→ **Work instruction**: An exact copy of the data below is needed; please leave out any pictures.

BEGIN Data shown

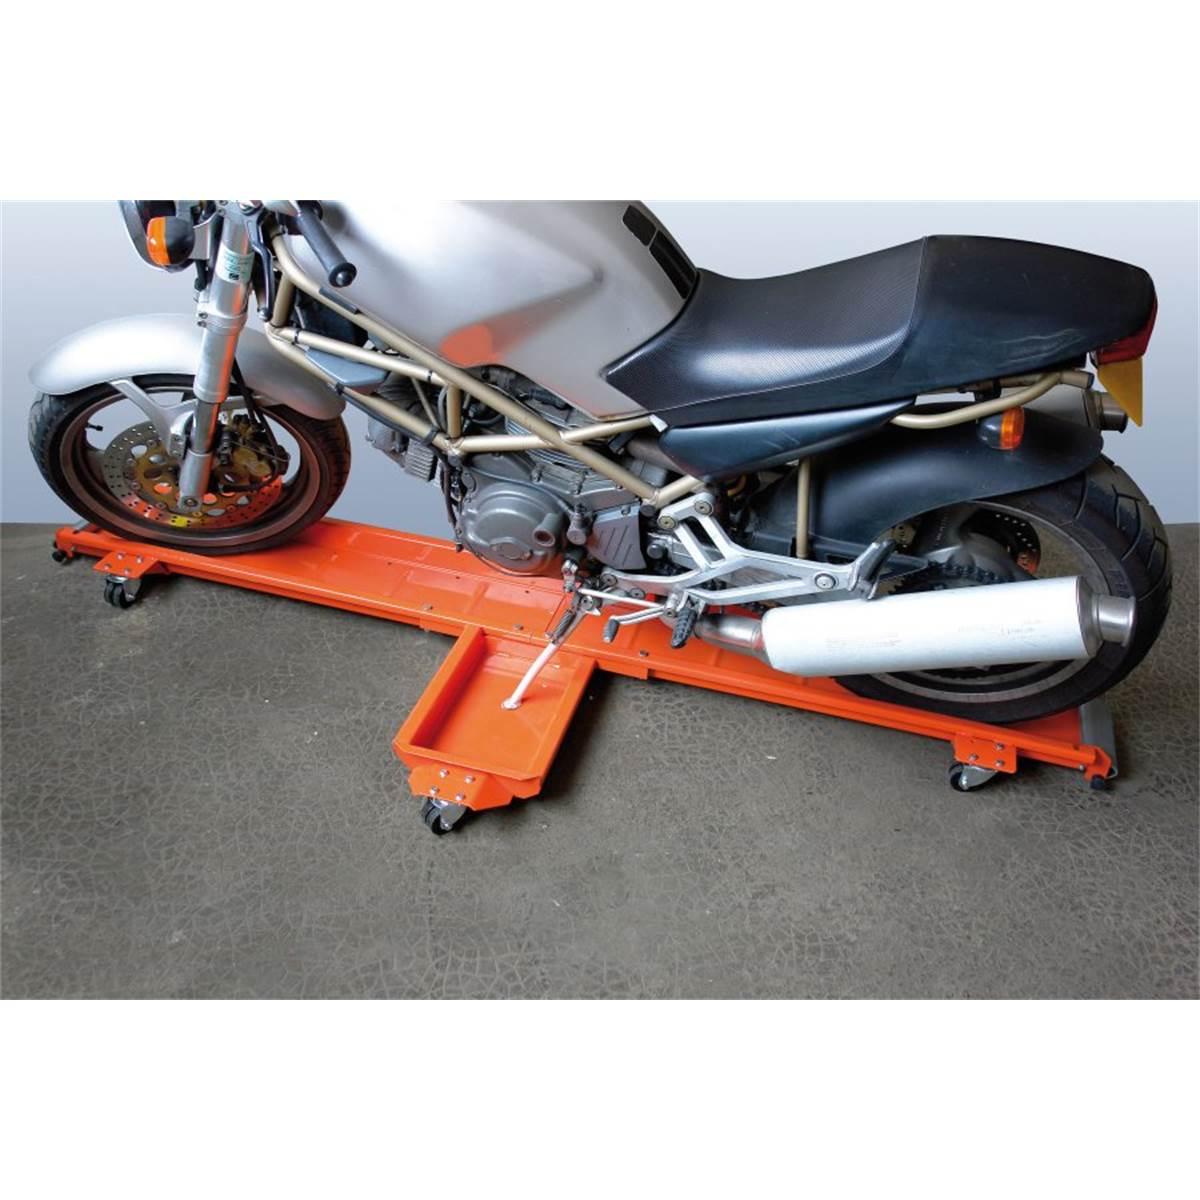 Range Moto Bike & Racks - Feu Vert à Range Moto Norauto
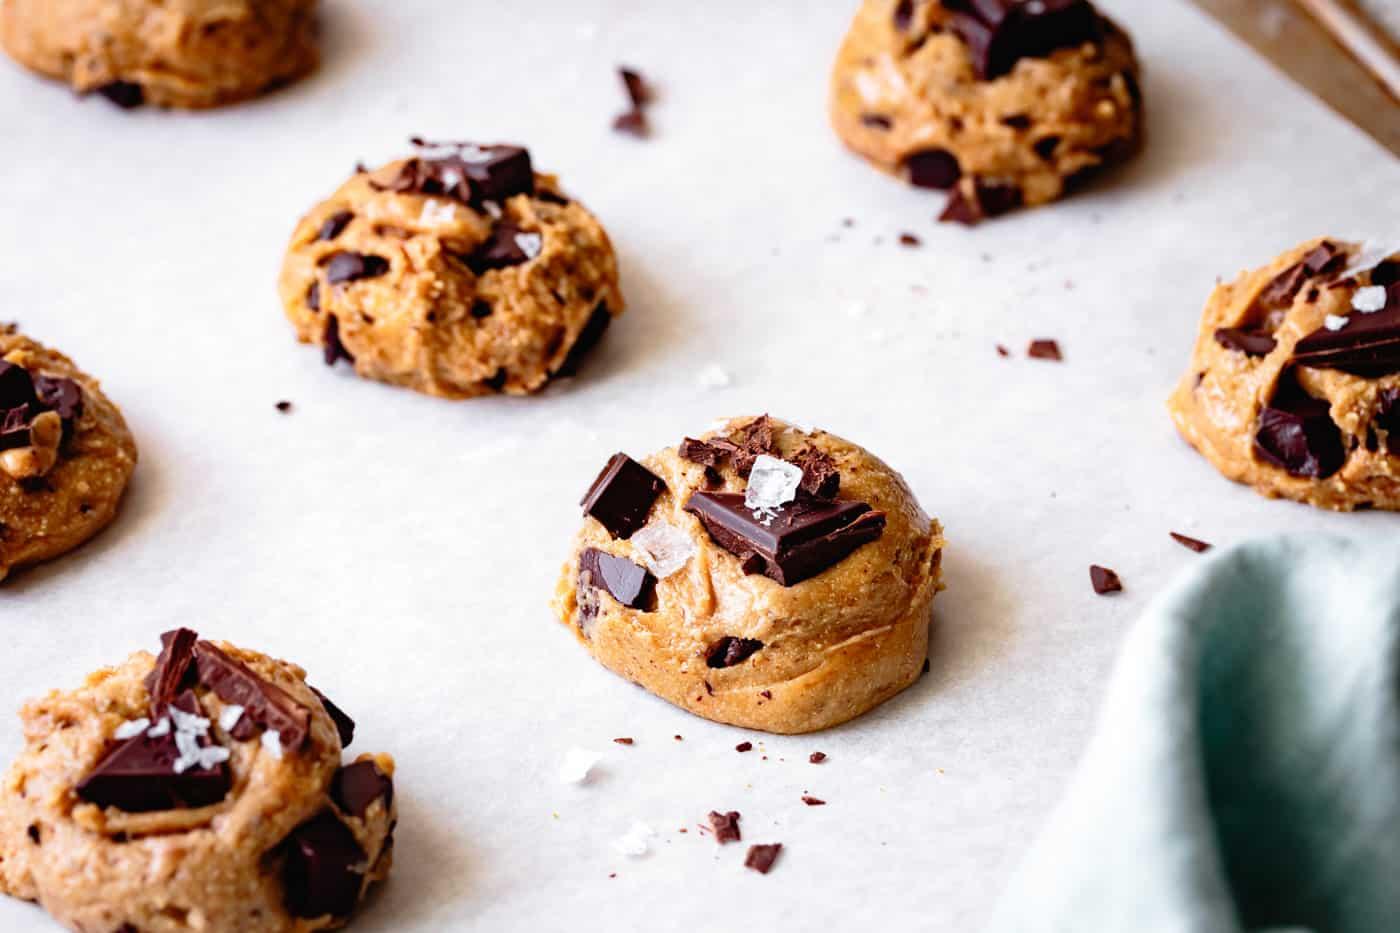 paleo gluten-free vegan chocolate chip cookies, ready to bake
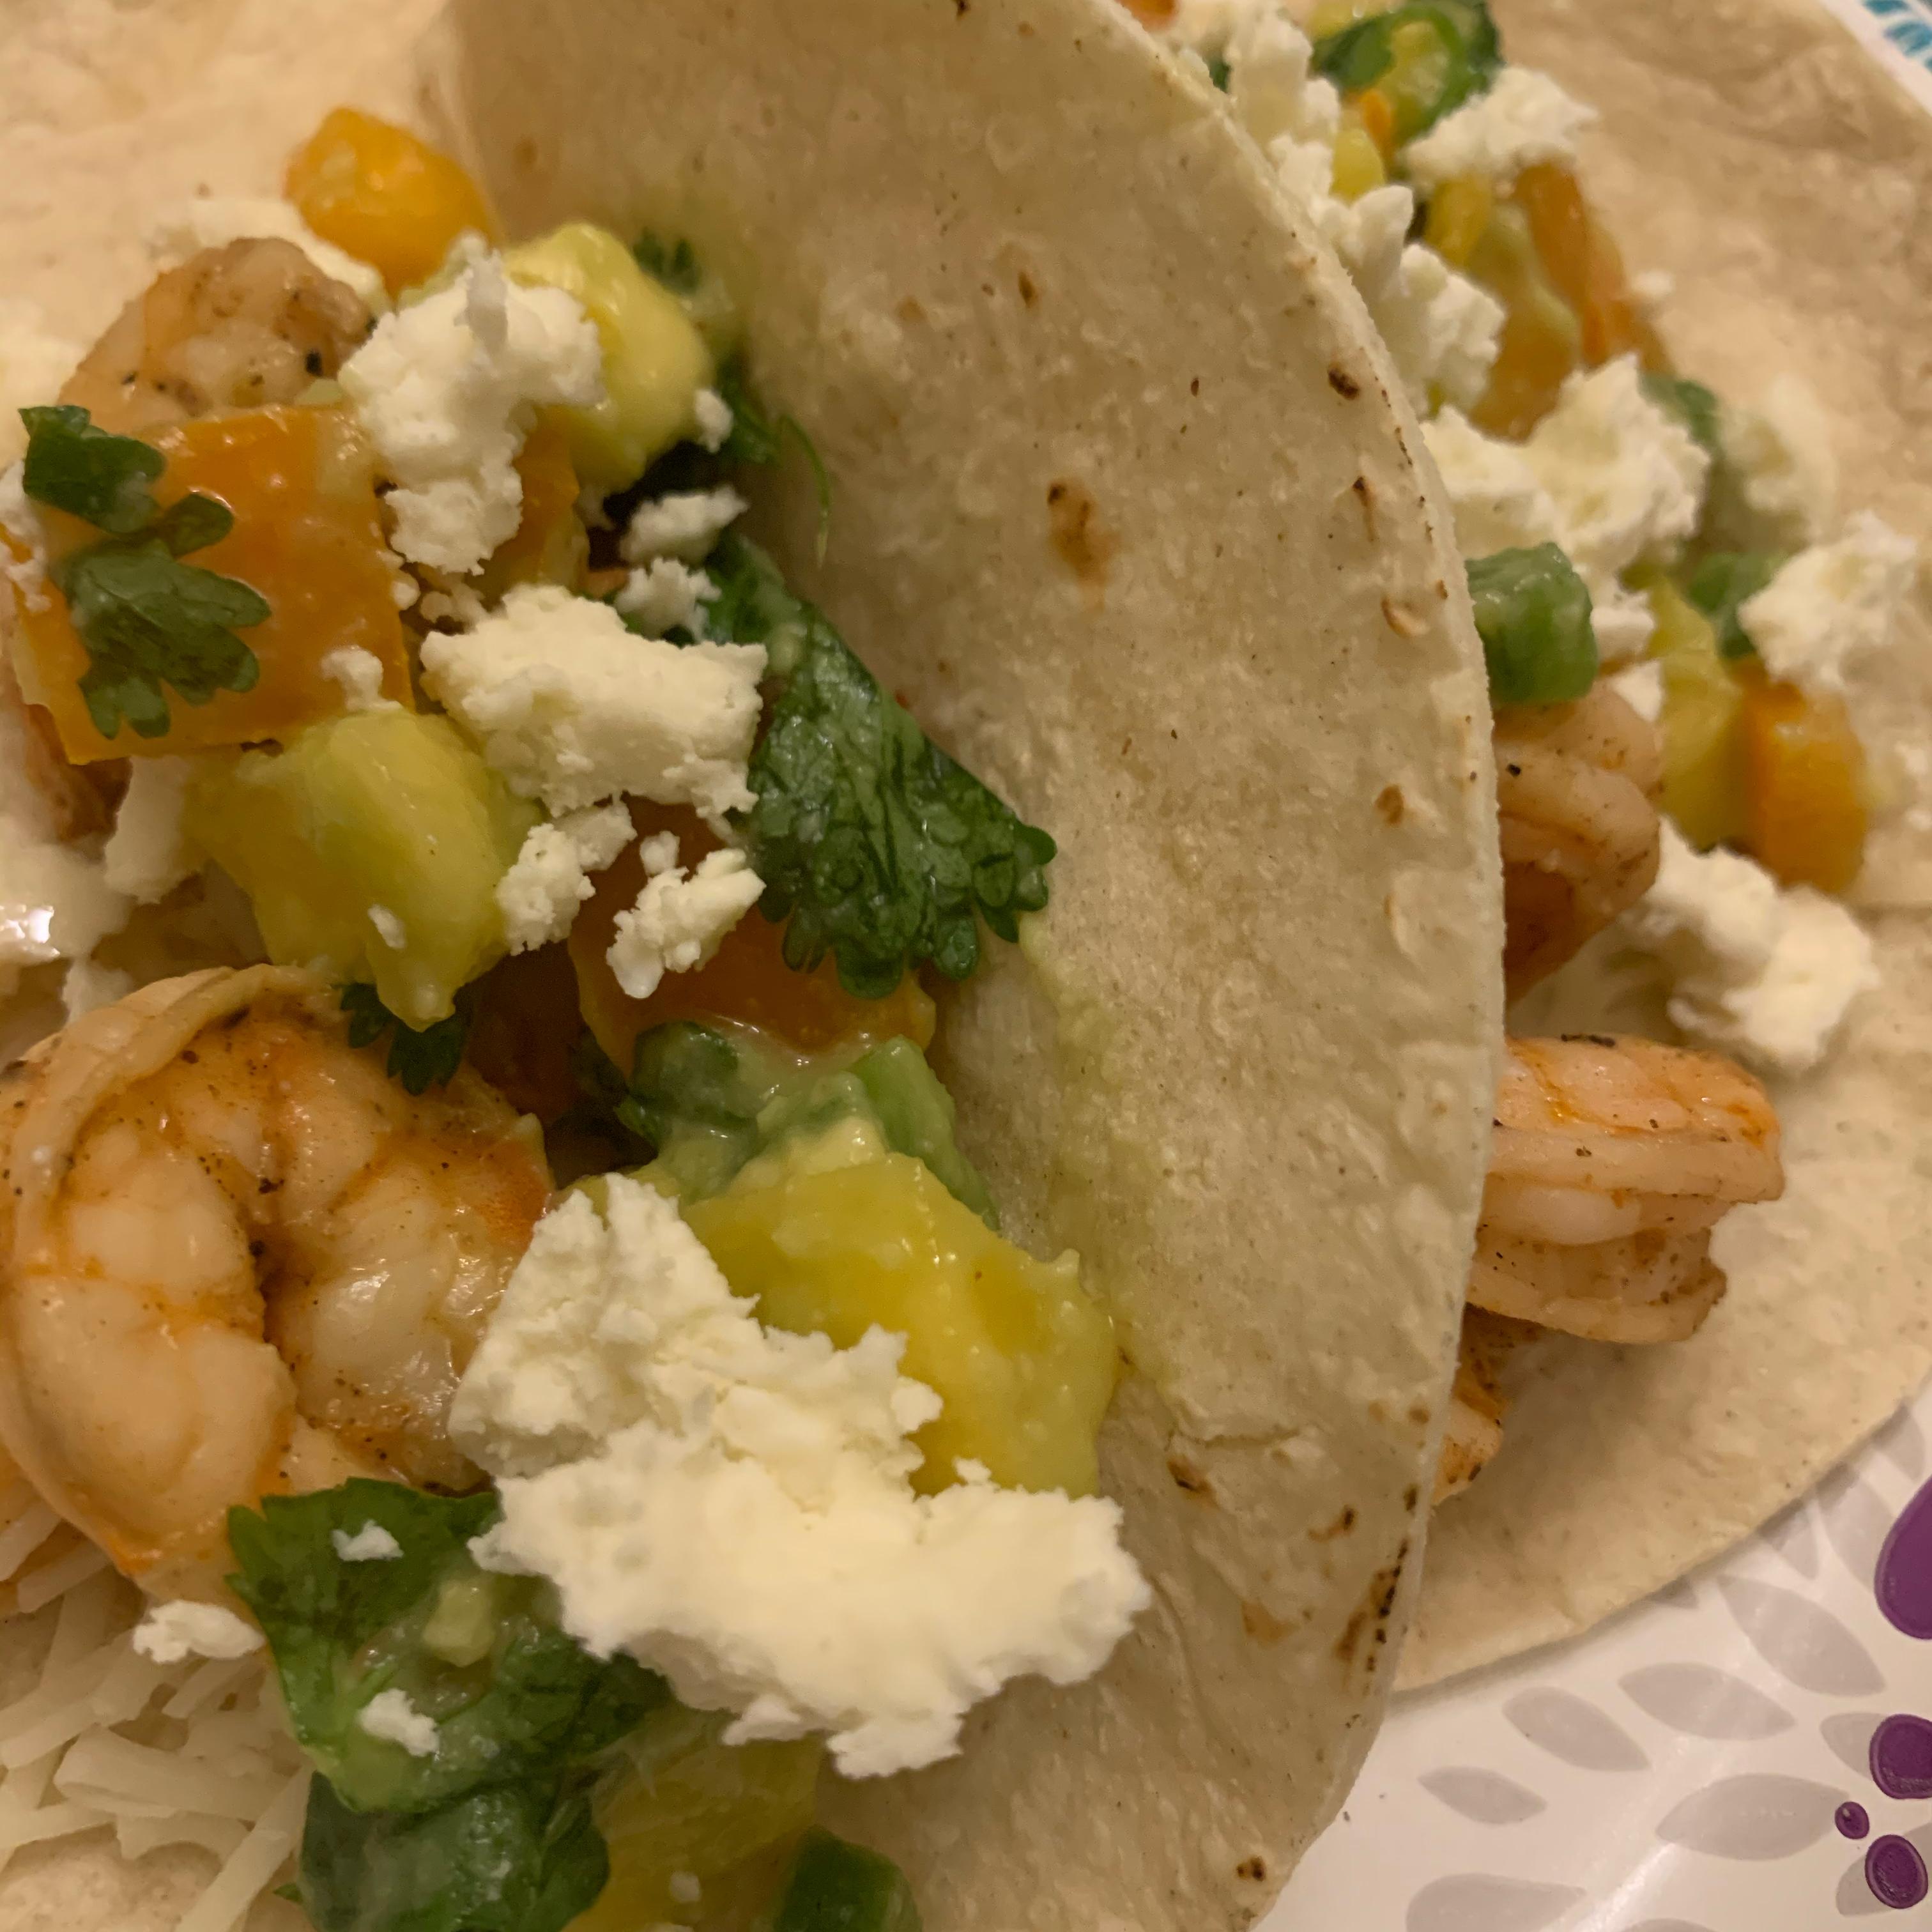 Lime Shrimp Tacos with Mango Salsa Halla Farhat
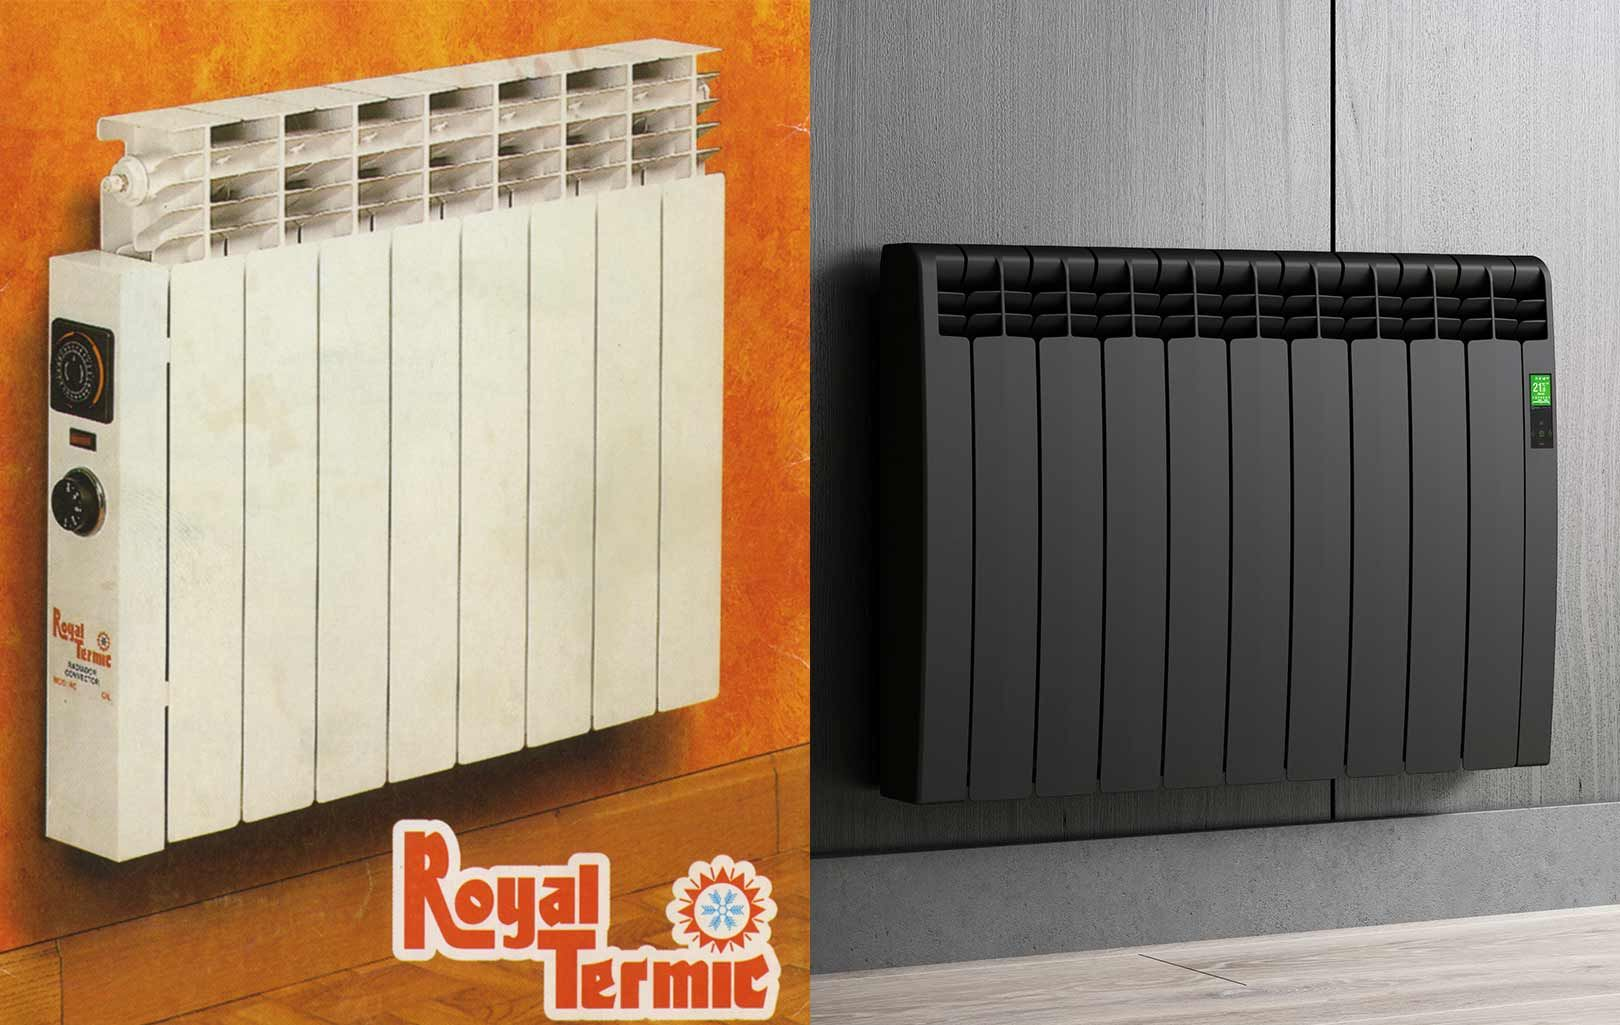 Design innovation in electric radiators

END Data shown

→ **Task result**:
 Range Moto Bike & Racks - Feu Vert à Range Moto Norauto
 paleo gluten-free vegan chocolate chip cookies, ready to bake
 Lime Shrimp Tacos with Mango Salsa Halla Farhat
 Design innovation in electric radiators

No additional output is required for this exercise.